:: Source material

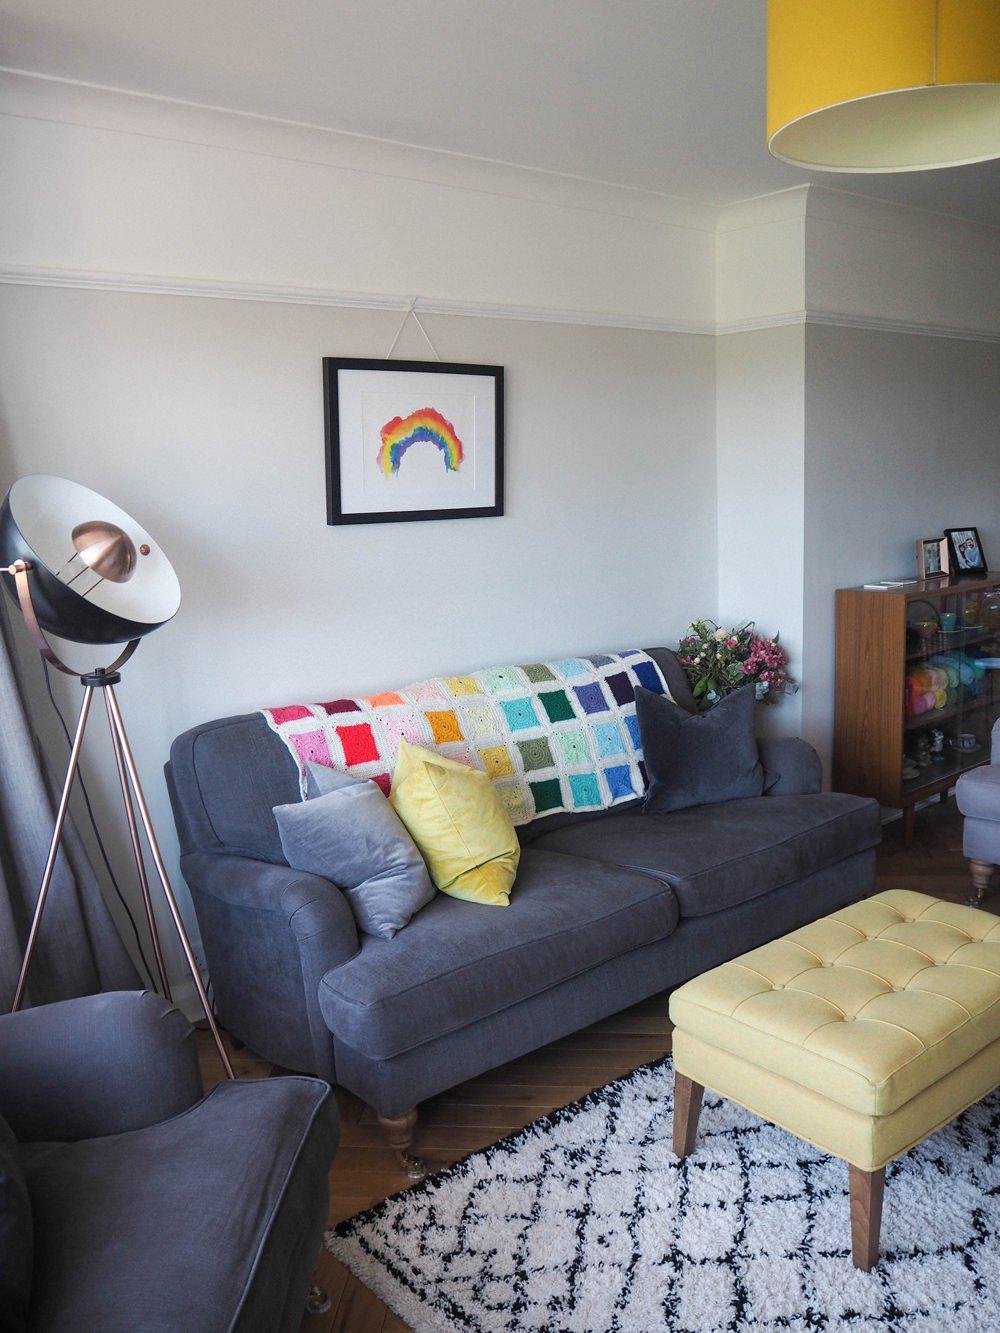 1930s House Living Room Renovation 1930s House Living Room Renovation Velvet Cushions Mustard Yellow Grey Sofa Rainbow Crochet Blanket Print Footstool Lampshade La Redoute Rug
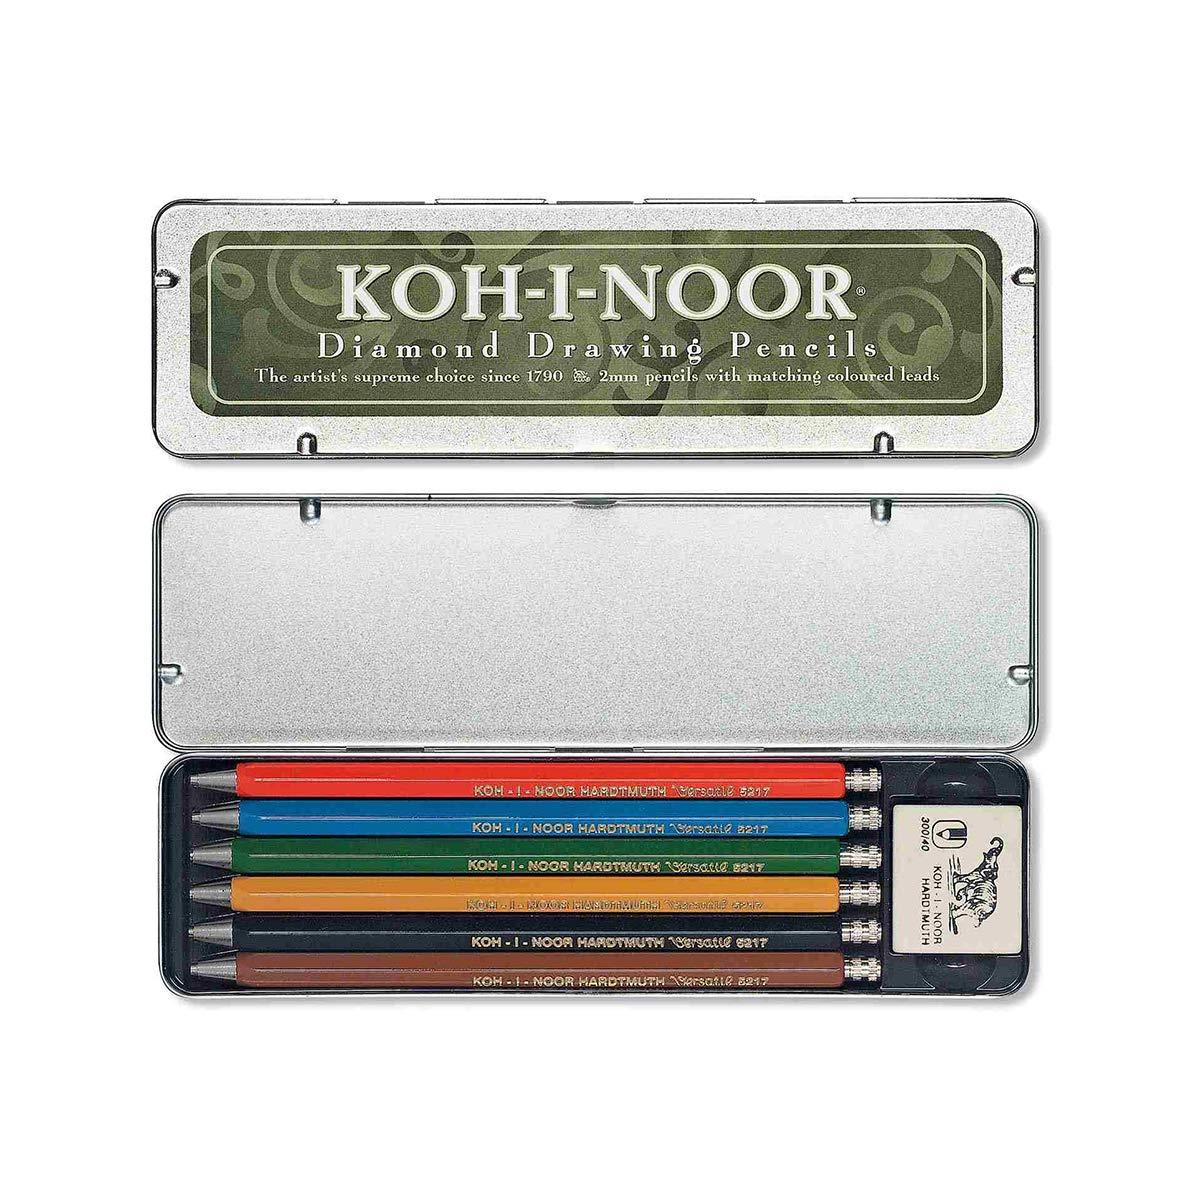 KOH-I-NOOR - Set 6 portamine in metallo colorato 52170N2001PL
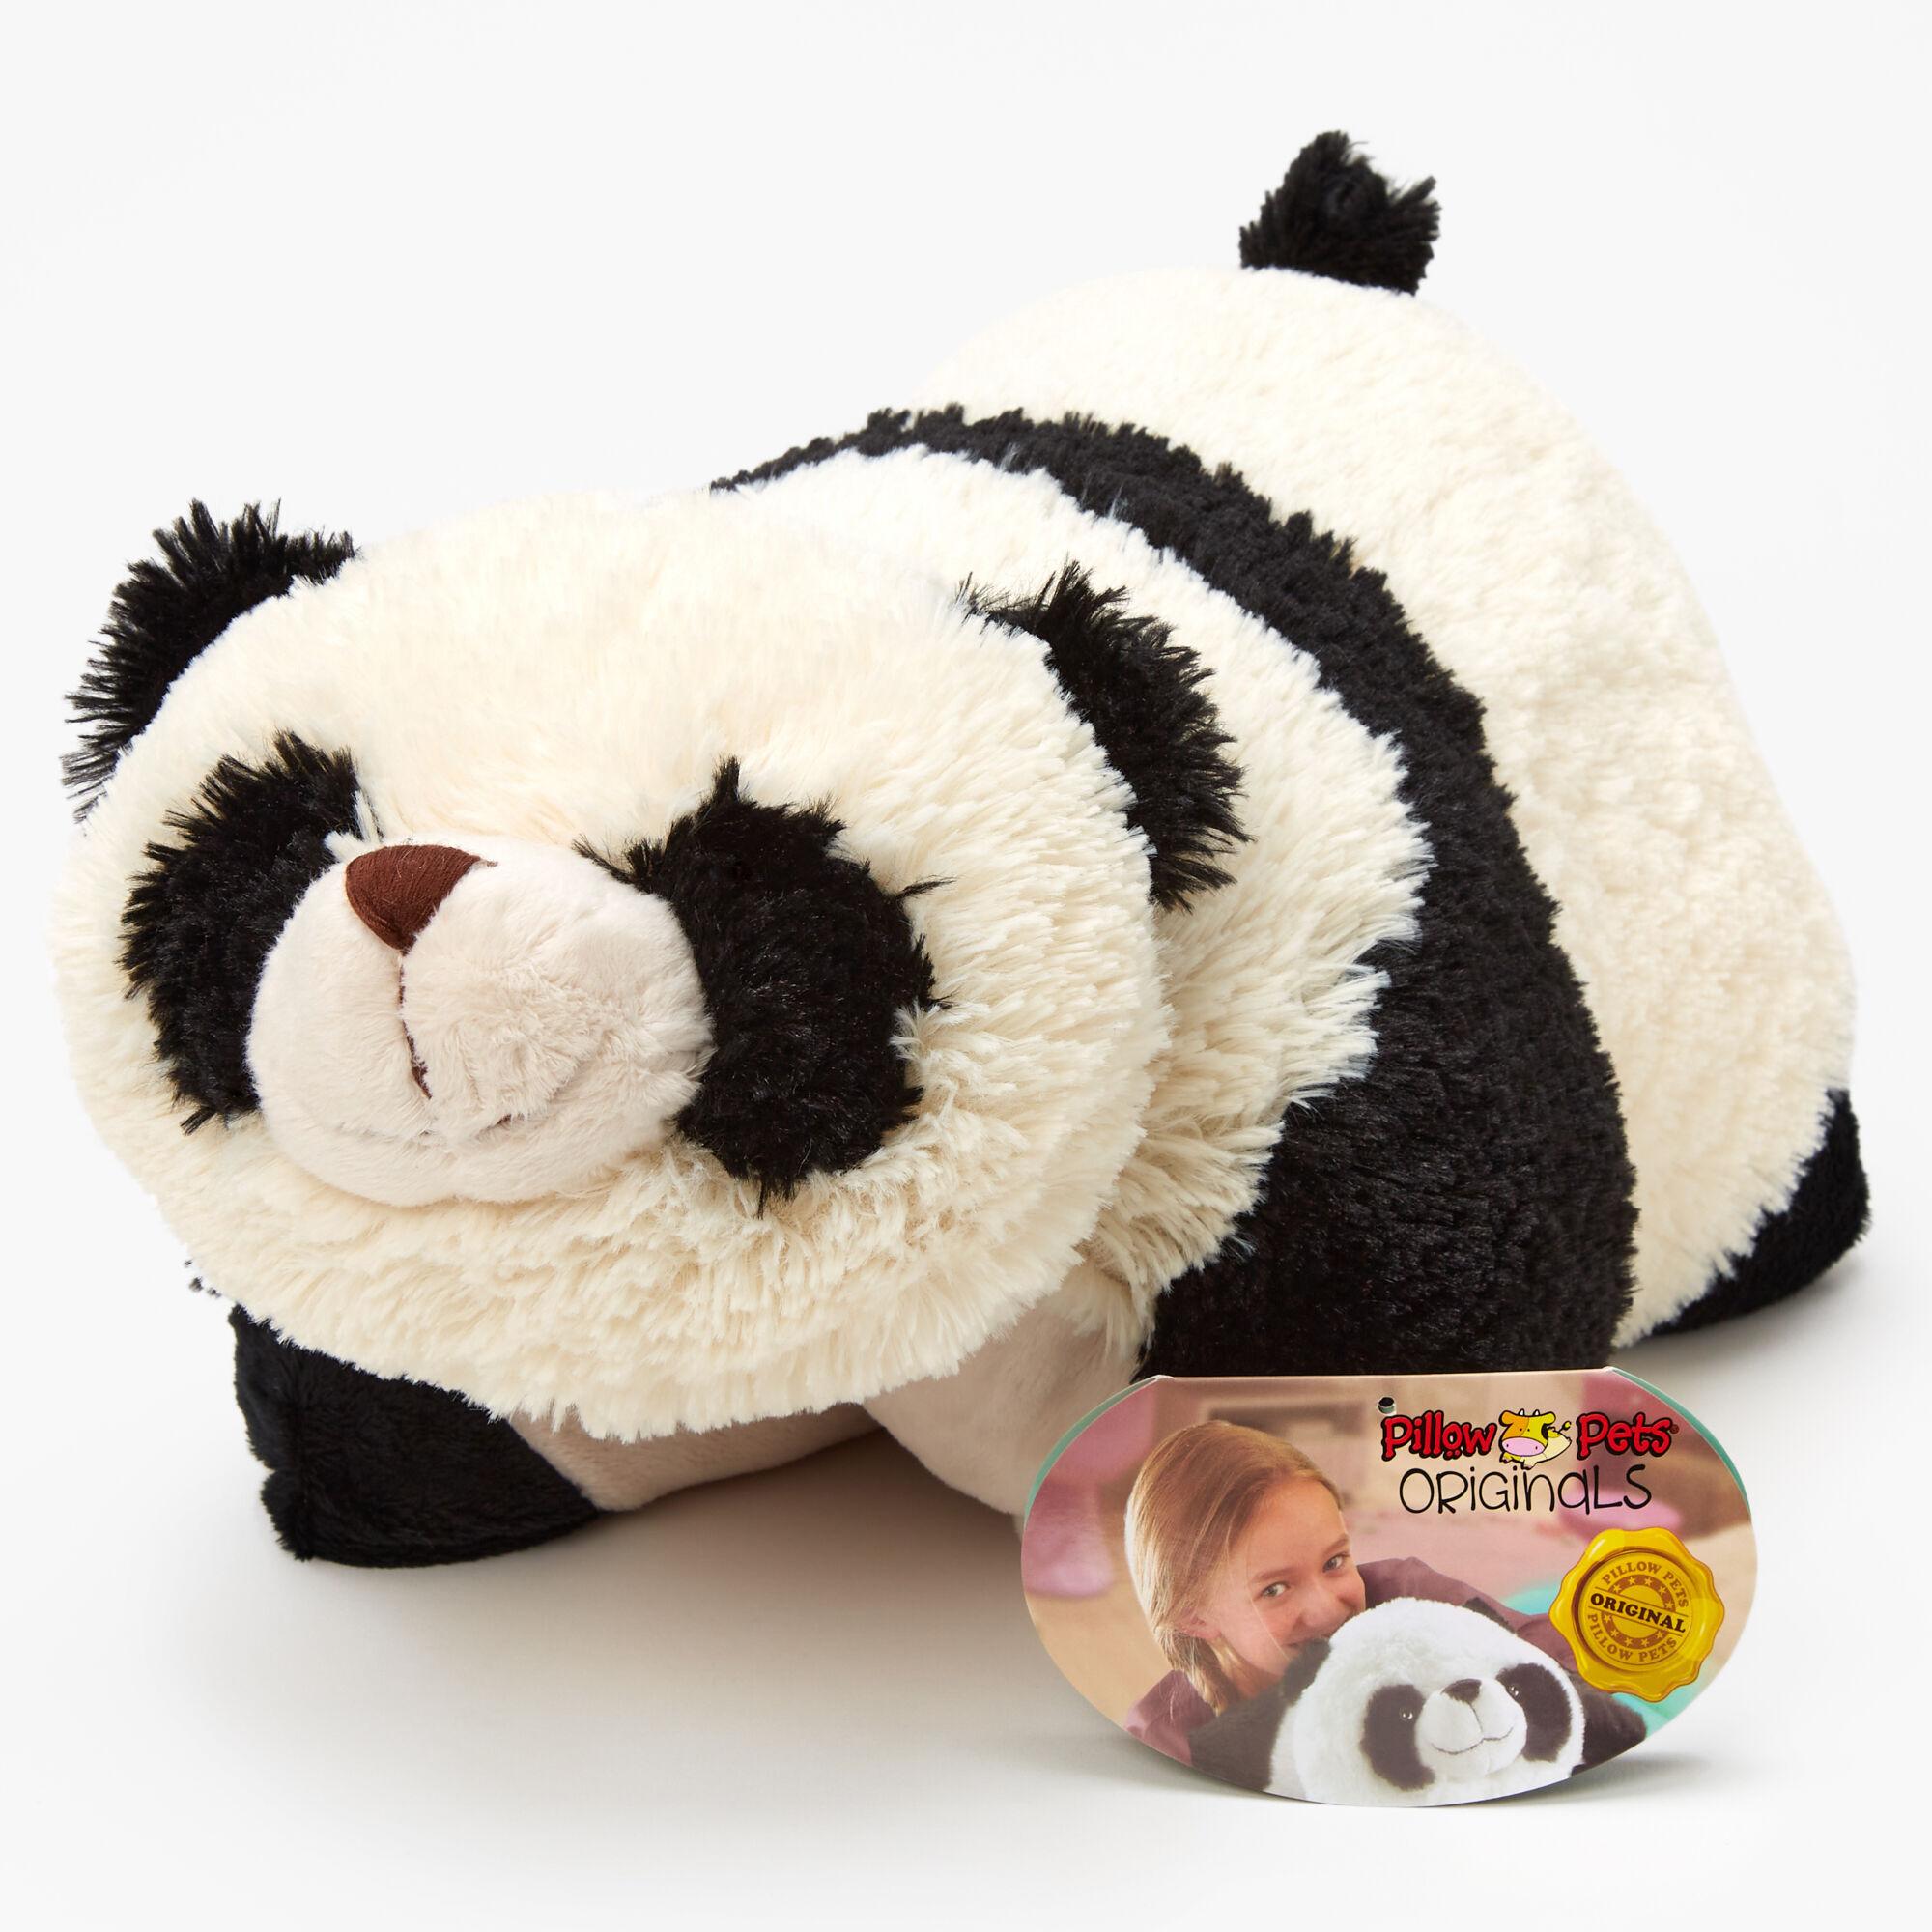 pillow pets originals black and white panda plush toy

::::

| Problem to solve |
Repeat the listing word for word, omitting the pictures.

| Output for this exercise |
 1930s House Living Room Renovation 1930s House Living Room Renovation Velvet Cushions Mustard Yellow Grey Sofa Rainbow Crochet Blanket Print Footstool Lampshade La Redoute Rug
 KOH-I-NOOR - Set 6 portamine in metallo colorato 52170N2001PL
 pillow pets originals black and white panda plush toy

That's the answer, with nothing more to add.